In my more reflective adult moments, I can still see her round, smiling face, with the deeply sad eyes. I see her standing
there in the hall at school, surrounded by kids who had nothing nice to say, smiling only because it was the one emotional
response that wouldn't make things worse. Even though the corridor was filled with her peers, she was totally and utterly
alone. Effie Pyke was the most hated girl in school.
I never found the evil in my heart to call her any names to her face, but I also never found the courage to make it stop.
I could have helped her more than once. I could have pulled my boyfriend away, I could have distracted my friends, or I could
have just yawned and said, "this is boring" then led the pack away. Instead, I did nothing. I stood by feeling a little
nauseated and very grateful that I wasn't in her shoes.
I was popular then, but I hadn't always been. Watching her singled out for scorn only reminded me of how easily I could
have been in her place. It made me see just how lucky I was that my skin had cleared up in 10th grade, that my metabolism
was naturally high, that I was as good at sports as I was at academics, and that nobody seemed to remember the mouse of a
girl I had been for my first three years of high school. I wasn't confident in my popular skin, I wasn't comfortable with
who I was, and that is why I never helped her.
Now at age 30, as I think about those moments, my heart breaks in a million places. There are no words to describe the
intense regret I feel for not having been a better person. I was insecure and had no faith in my friends to like me if I
were to stand up to them. I wasn't strong. I wasn't mature. I wasn't the grown-up in a youthful body that I thought I was. I
was a scared little girl who wanted nothing more than to belong and be liked. I am sure Effie only wanted the same things.
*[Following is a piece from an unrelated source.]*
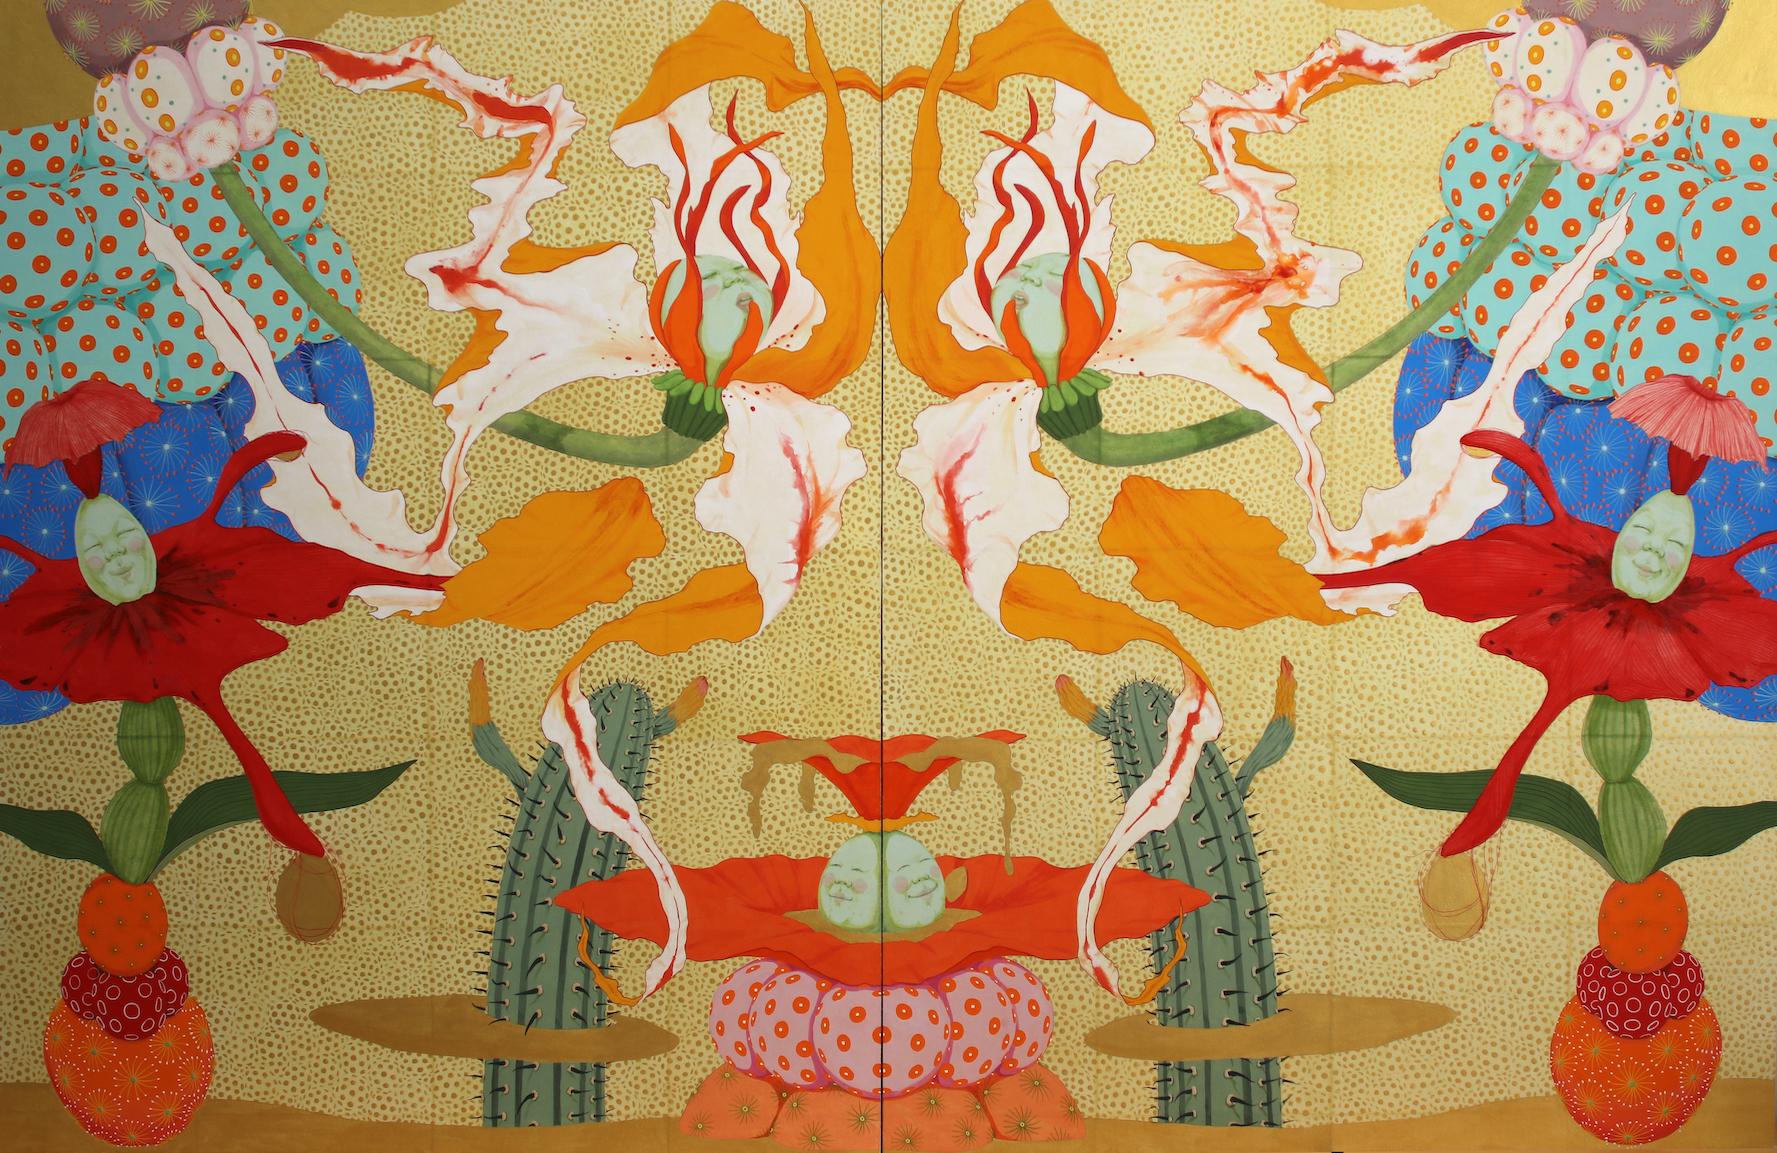 Figurative Print Mari Ito - Alegría II (Diptyque) - 21 C., Contemporary, Japanese, Fantasy, Natural Materials

Every day I look into my daughter's eyes and I pray I never see even a shadow of the pain I used to see in Effie's. I
know that having a daughter has given me a whole new perspective on how my friends and I treated Effie over a decade ago. We
were so very wrong. There was nothing to be gained by our cruelty. It was bad enough that we excluded her from our group;
there was no reason we had to label her a pariah to others. I am so sorry that I was party to stealing a portion of another
person's youth and happiness. I am so sorry that I hurt her the way that I know I did.